Besides, the BB is also injecting funds to the financial sector by way of implementing the stimulus packages.
But the demand for funds is just not there: private sector credit growth has been hovering around the 9 per cent-mark since July against the central bank’s target of 14.8 per cent.
Banks though need to turn in a profit, and they primarily do so by managing the spread between the interest rate on deposits that they pay to consumers and the rate they receive from their loans.
In other words, when the interest that a bank earns from loans is greater than the interest it pays on deposits, it generates income from the interest rate spread. In simple terms, net interest rates spreads are like profit margins.
The greater the spread, the more profitable the financial institution is likely to be.
So in the absence of demand for funds, banks have turned to slashing the rates on deposits to improve their spread, according to Abdul Halim Chowdhury, managing director of Pubali Bank.
As a result, the interest rate spread has slightly widened in September, he said.
In September, the banking sector’s weighted average deposit stood at 4.79 per cent, down from 4.95 per cent in the previous month.
Pubali’s weighted average deposit rate stood at 4.6 per cent in September, down from 4.64 per cent in August.
Most of the banks have slashed their deposits rates to 5 per cent and below, which is less than the government-instructed 6 per cent, as there is no liquidity pressure in the market, according to Chowdhury, who has been at the helm of Pubali Bank since 2015.
“Banks are sitting on excess liquidity.”
At the end of August, surplus liquidity in the banking sector stood at Tk 160,978 crore, up from Tk 140,730 crore in July, according to data from the BB. September’s figure is not out yet.
“Our interest income has fallen drastically due to the interest rate cap on lending. So, the interest rate spread should have to improve further. Otherwise, it is not possible for us to survive,” Chowdhury added.
From April, the BB has imposed an interest rate cap of 9 per cent on all loan products excluding credit cards, which took banks’ spread to less than 3 per cent.

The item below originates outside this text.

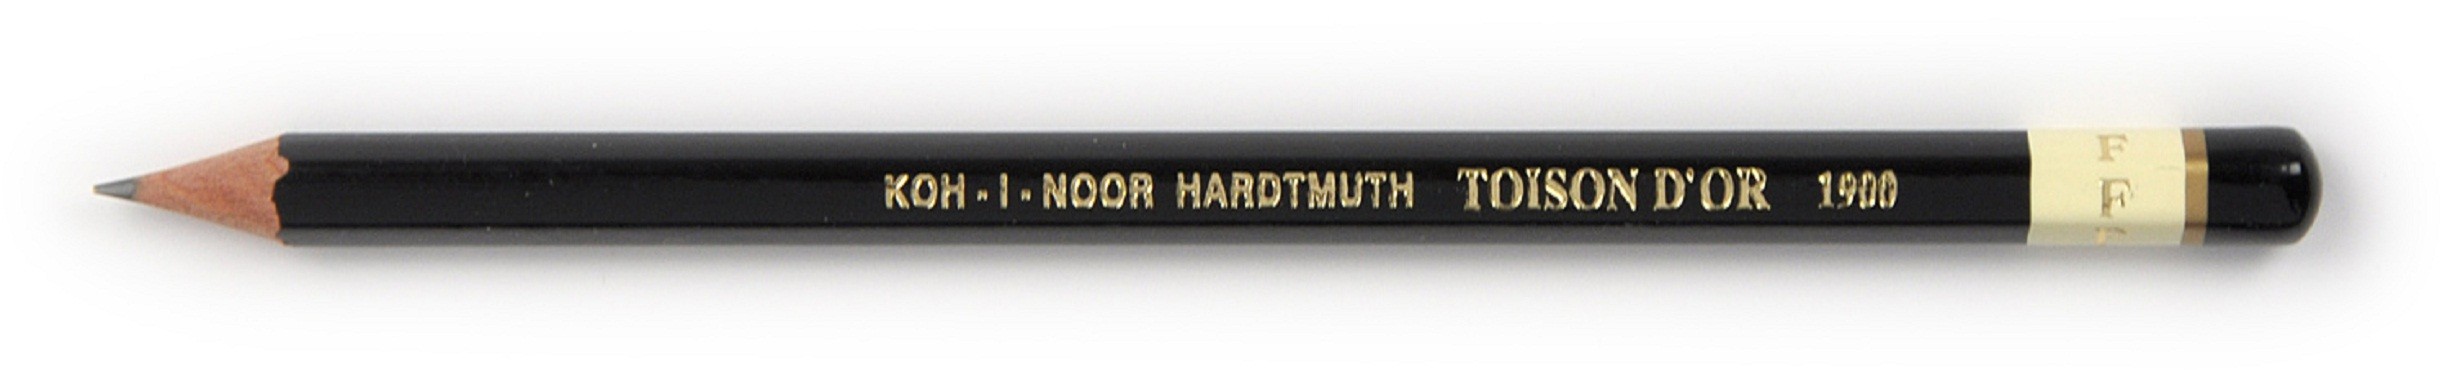 Creion tehnic Toison D'or Art KOH-I-NOOR, duritate F

“The interest rate spread has improved a bit because banks are gradually lowering the rates of interest on deposits products,” said Syed Mahbubur Rahman, MD of Mutual Trust Bank, whose weighted average deposit rate stood at 5.29 per cent in September, down from 5.40 per cent in August.

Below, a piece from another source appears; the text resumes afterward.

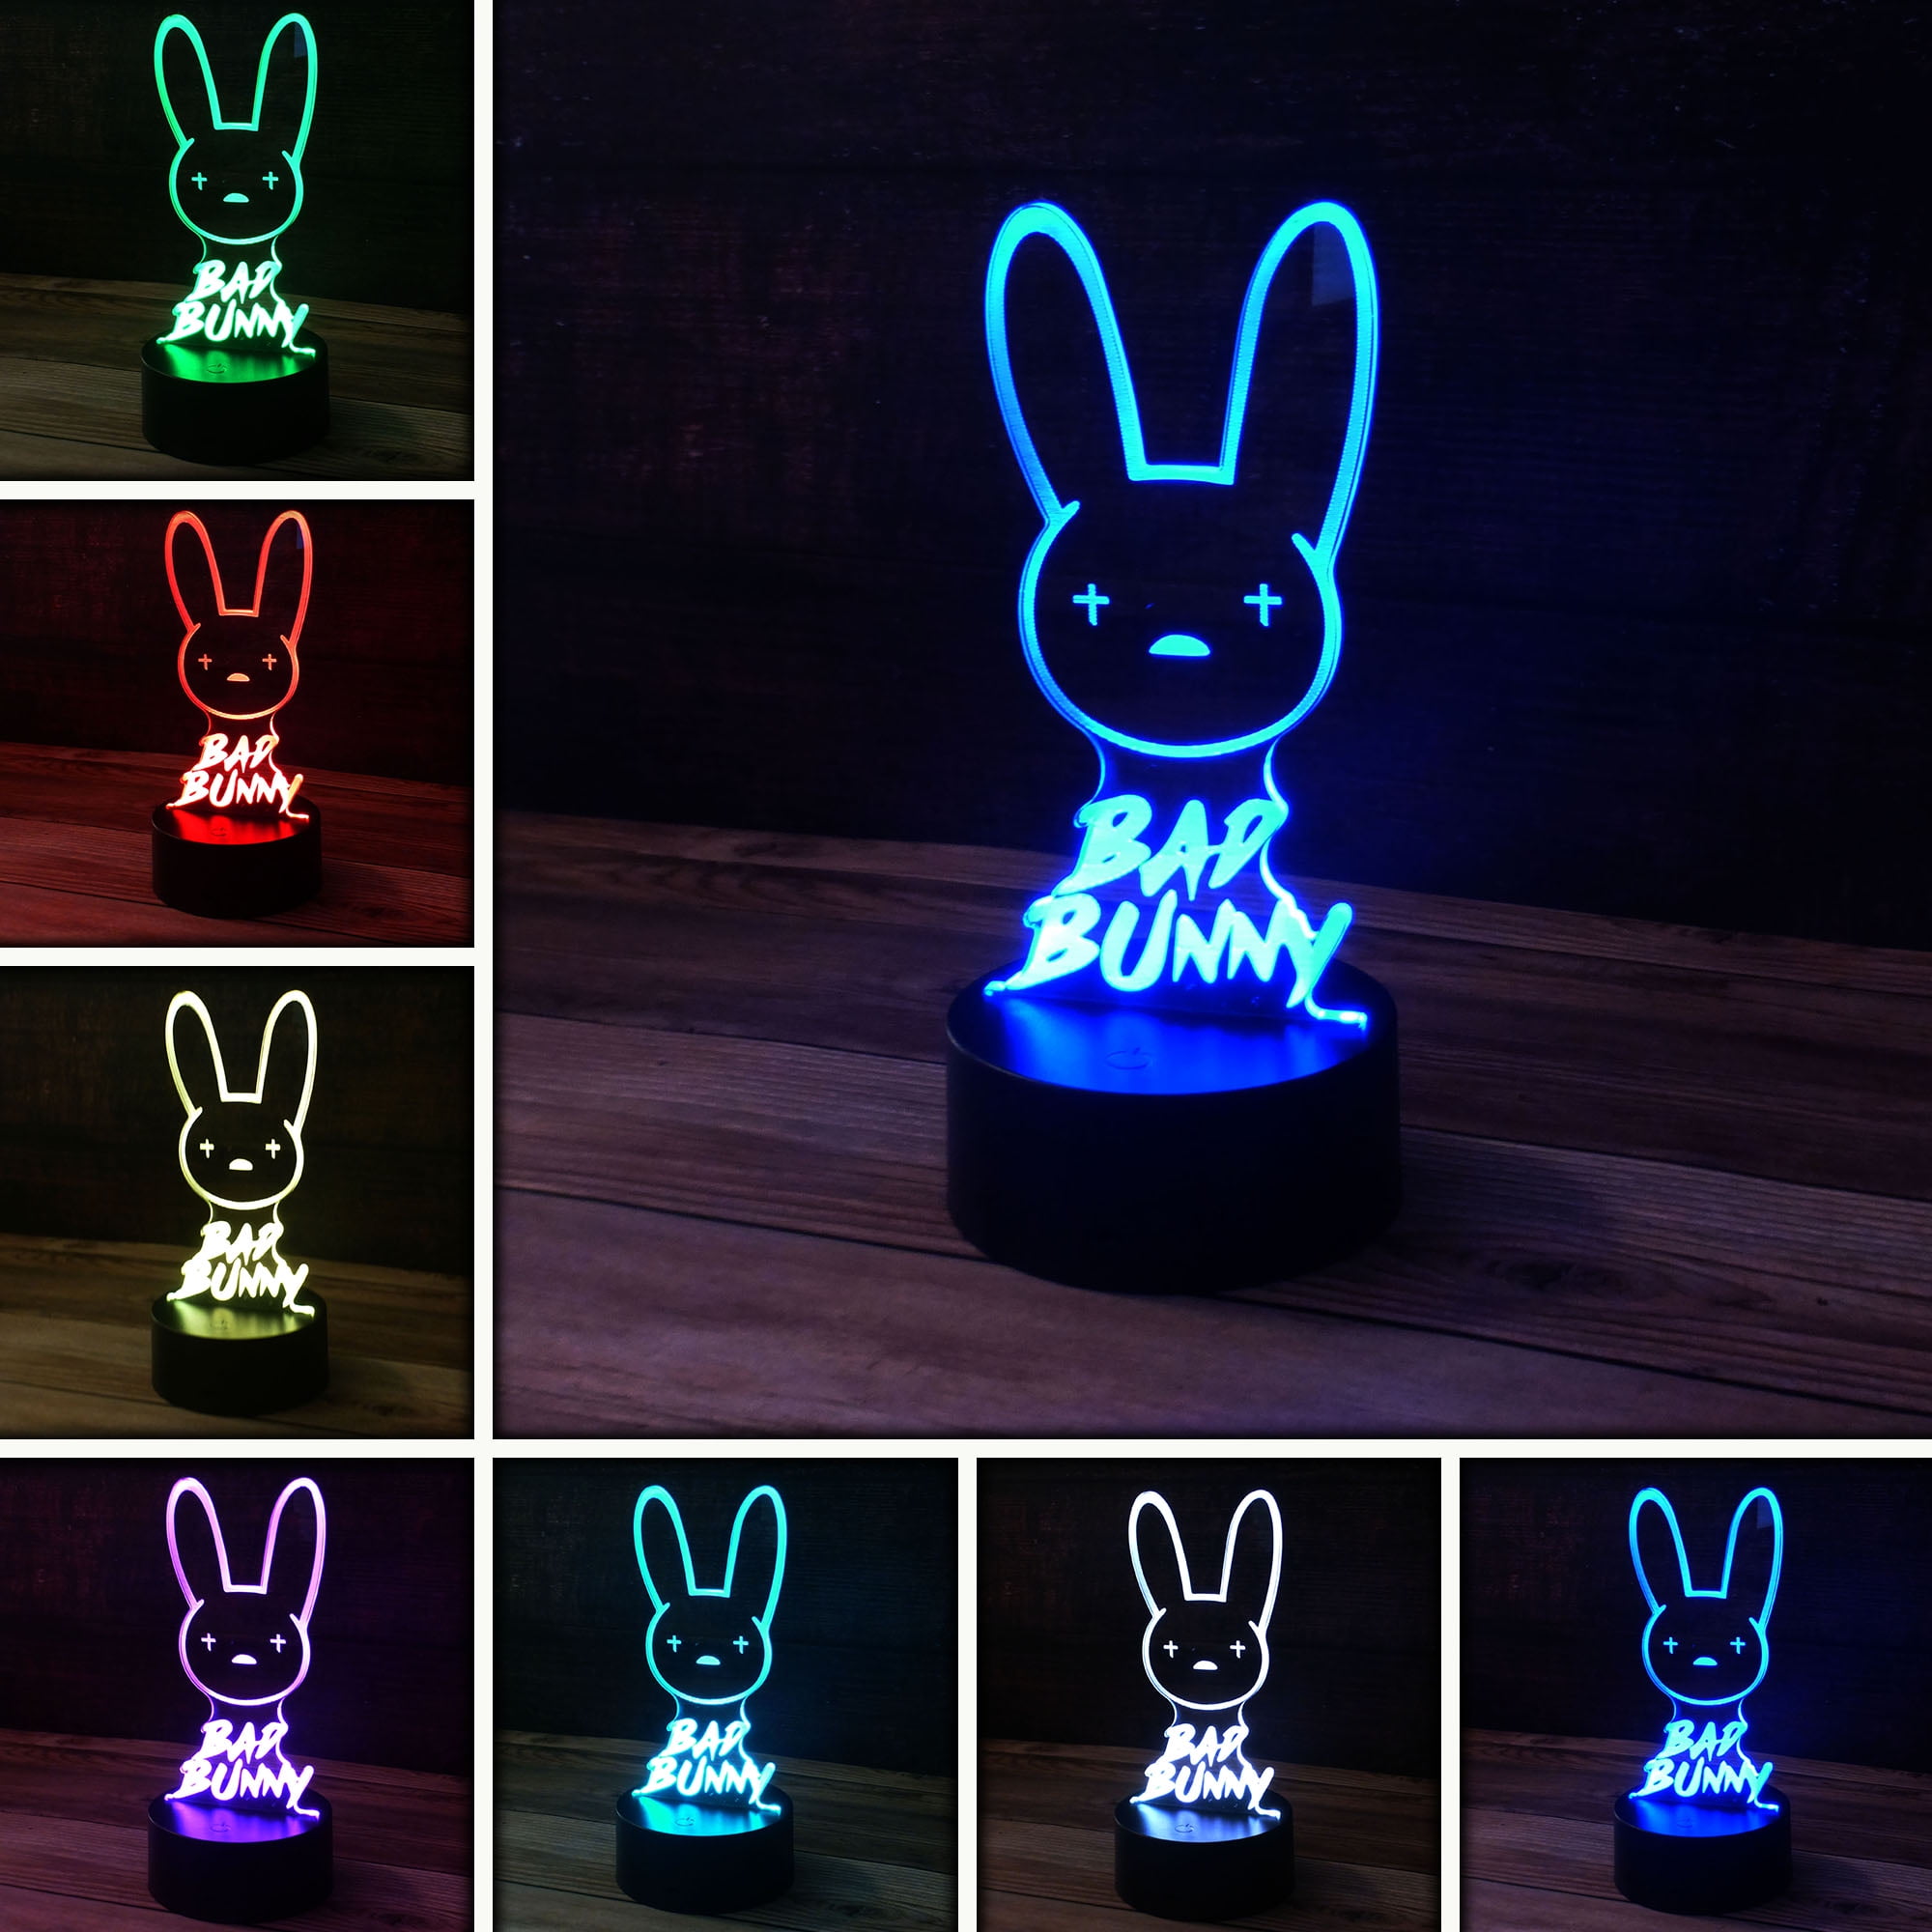 Bad Bunny Logo 3D LED Illusion Lamp

At the end of September, the average interest rate spread of state-owned banks stood at 2.09 per cent. It was 3.01 per cent for private banks, 6.15 per centfor foreign banks and 1.99 per cent for specialised banks.

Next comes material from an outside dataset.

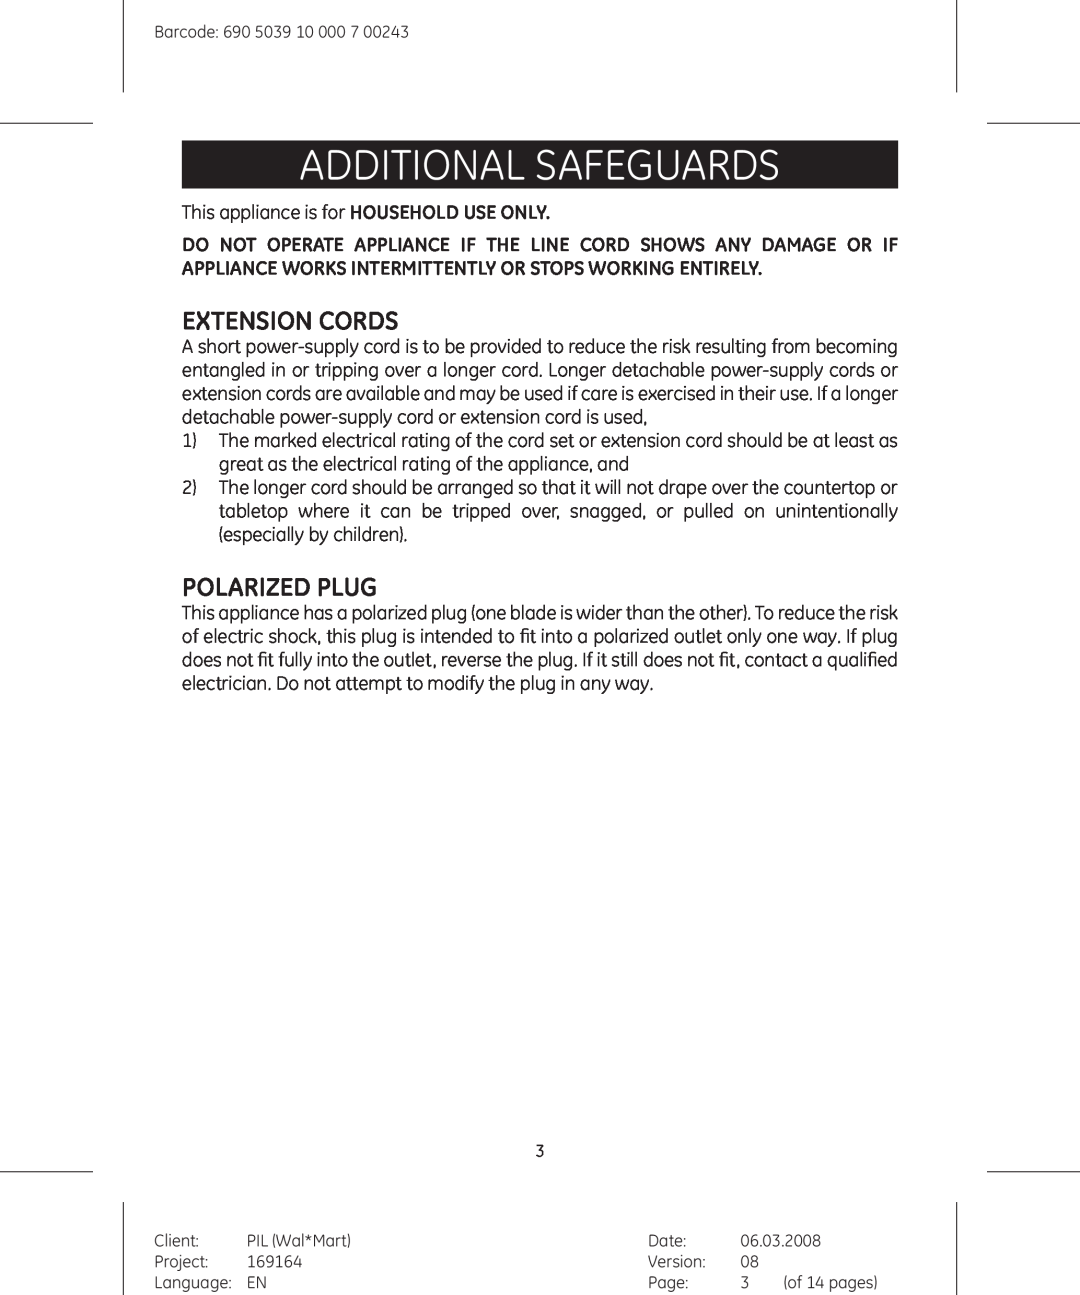 GE 690503910000700243, 681131691642 manual Additional Safeguards, Extension Cords, Polarized Plug

However, the interest rate spread might narrow soon.
“Some ‘good borrowers’ are asking for 8 per cent interest on their fresh loans,” said Rahman, also the former chairman of the Association of Bankers, Bangladesh, a platform of banks’ MDs.
Dhaka Bank MD Emranul Huq echoed the same as Rahman and Chowdhury.
“We are collecting all kinds of deposits at 4 to 5 per cent interest. Before, we those products had higher rates on them. This helped us improve our spread.”
Dhaka Bank’s weighted average deposit rate stood at 5.61 per cent in September, down from 5.68 per cent in the previous month.
The reasons for the banks’ surplus liquidity are the lower trend of import payments and the surge in remittance inflows, Huq added.
Between July and October, expatriate Bangladeshis sent home $8.9 billion, up 45.9 per cent year-on-year.
Import payments amounting to $11.7 billion were made between July and September, down about 12 per cent from a year earlier, according to data from the BB.